-- Stored data --
BEGIN
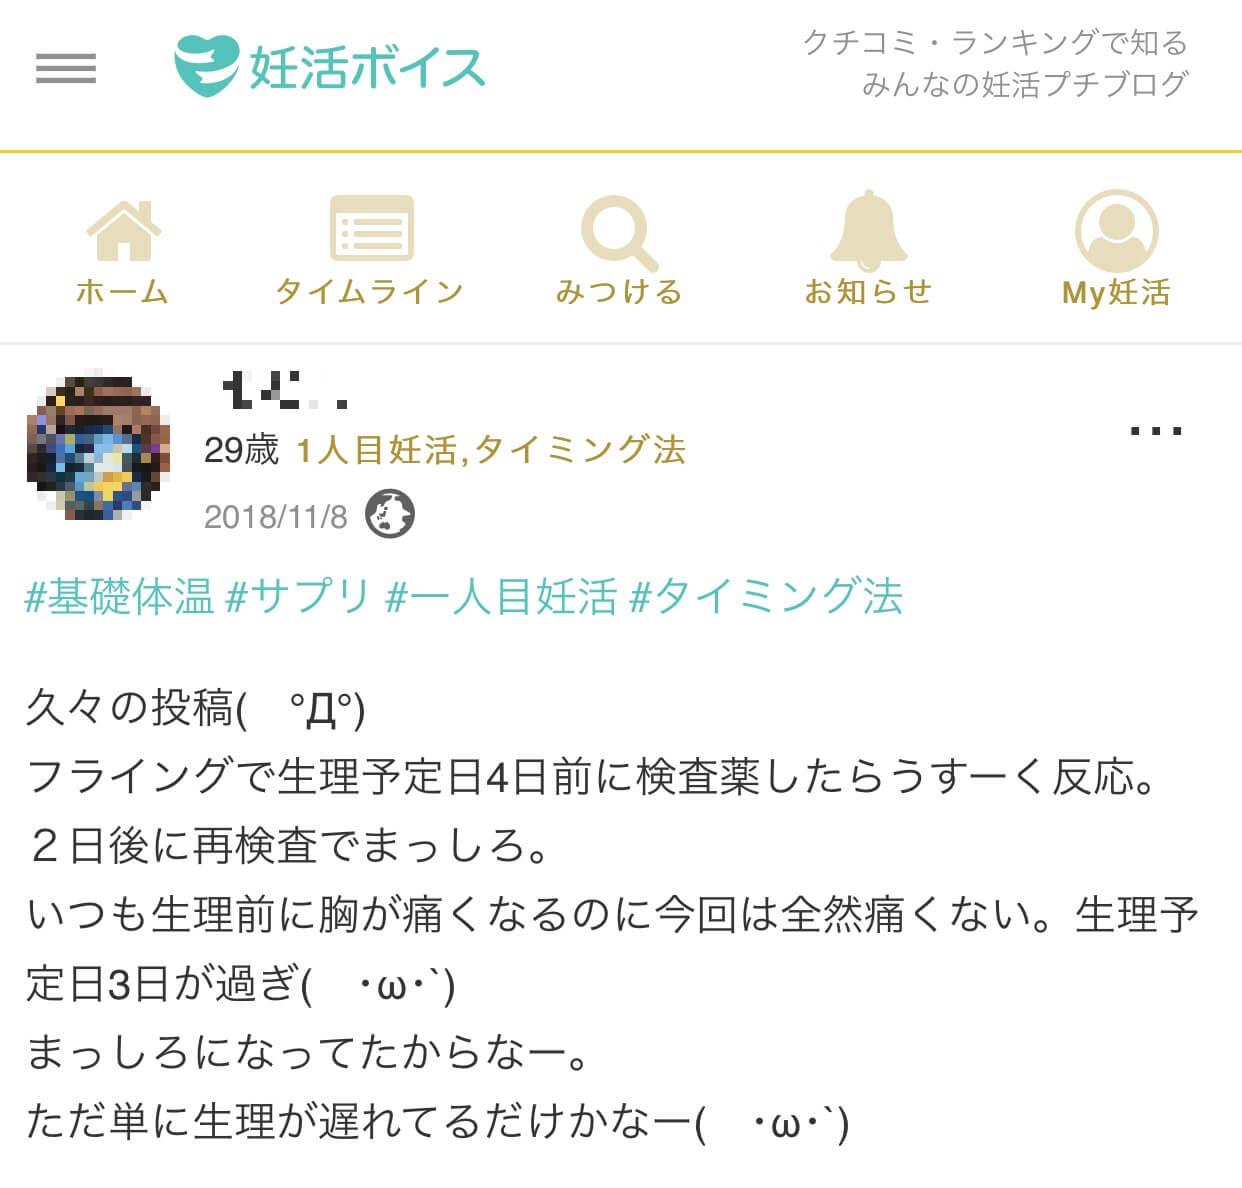 Paさん(29歳・1人目妊活・タイミング法)
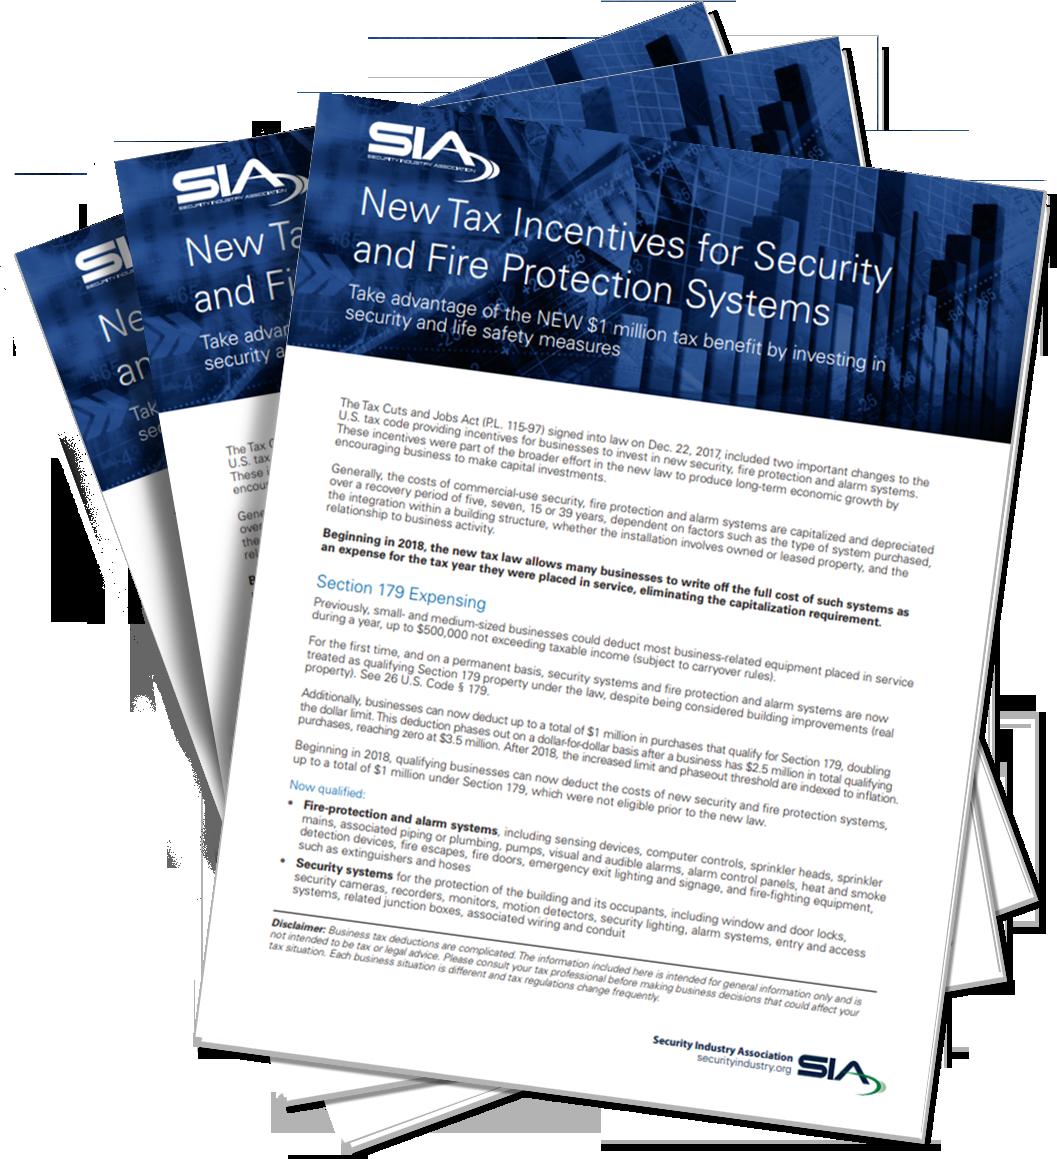 SIA 2018 Tax Factsheet image magazine version
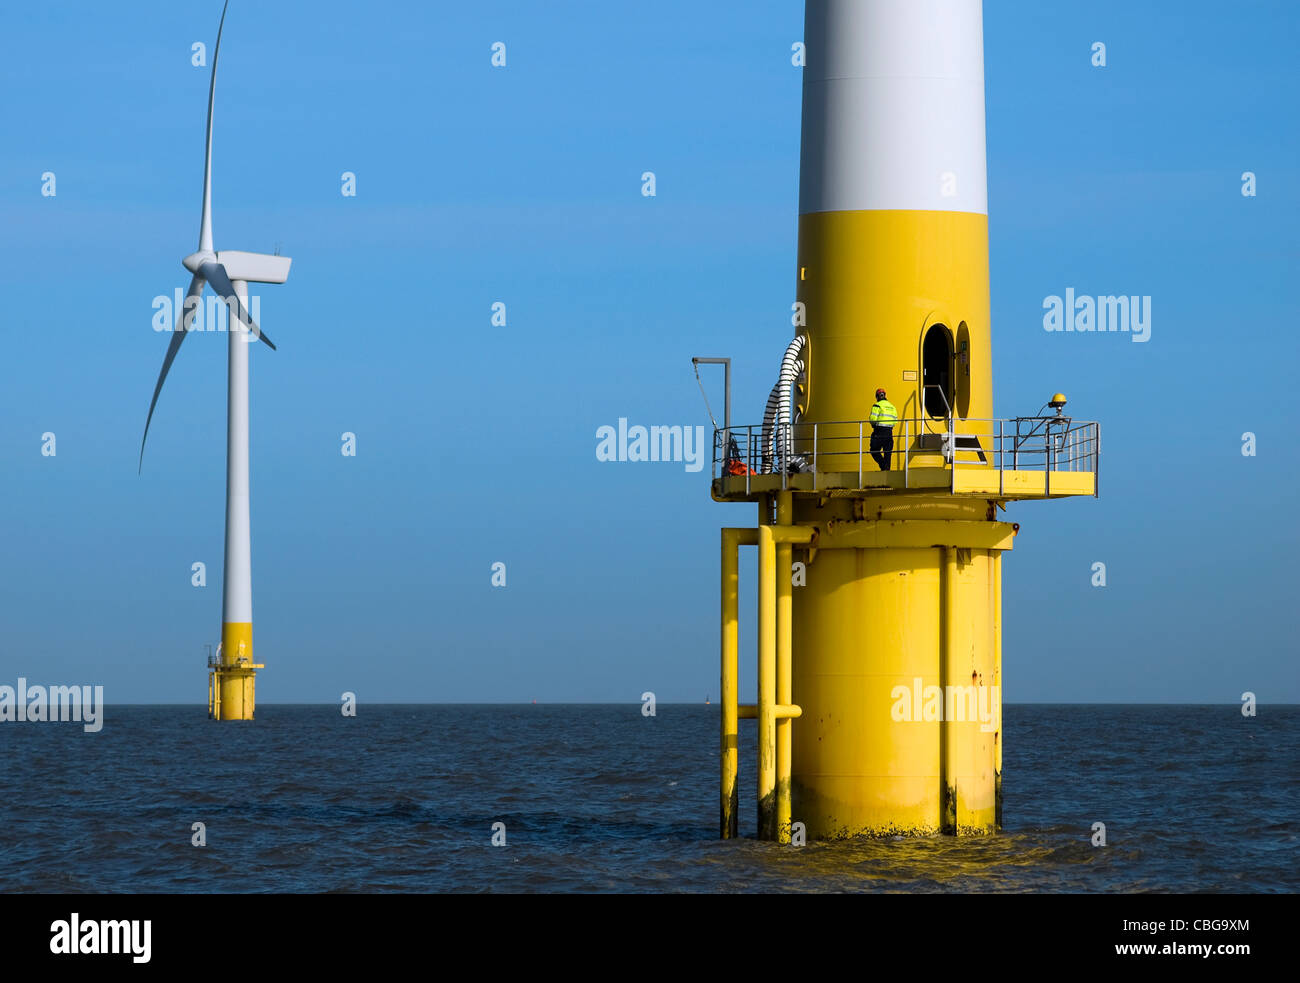 Scroby Sands Wind Farm, Great Yarmouth, Norfolk Stockbild
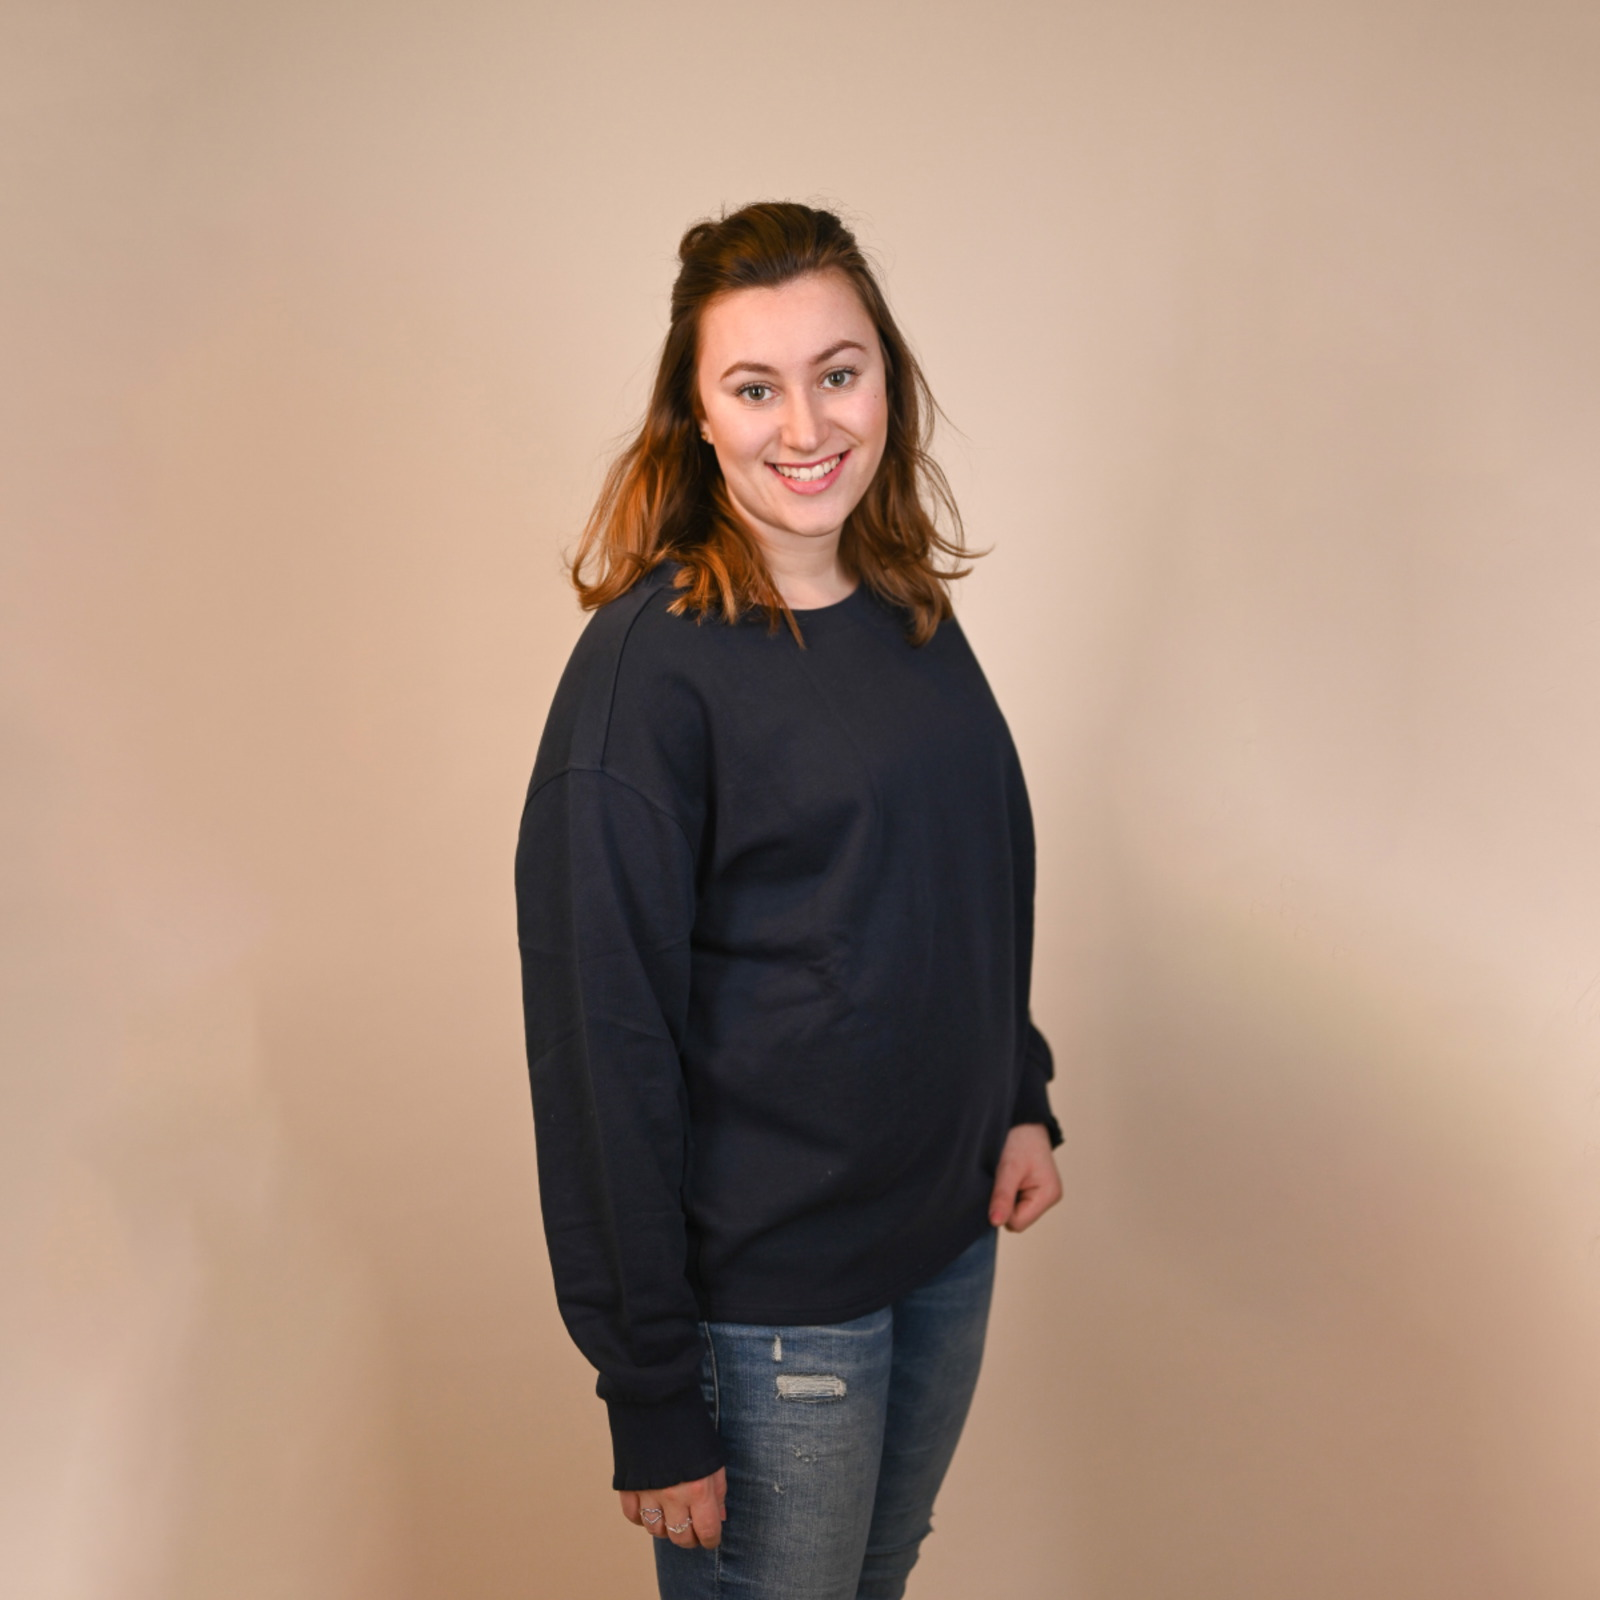 LOVE JOY VICTORY Sweatshirt
END
-- Problem description --
Exclude the images and reproduce the remaining data exactly.

-- Exercise response --
 Paさん(29歳・1人目妊活・タイミング法)
 SIA 2018 Tax Factsheet image magazine version
 Scroby Sands Wind Farm, Great Yarmouth, Norfolk Stockbild
 LOVE JOY VICTORY Sweatshirt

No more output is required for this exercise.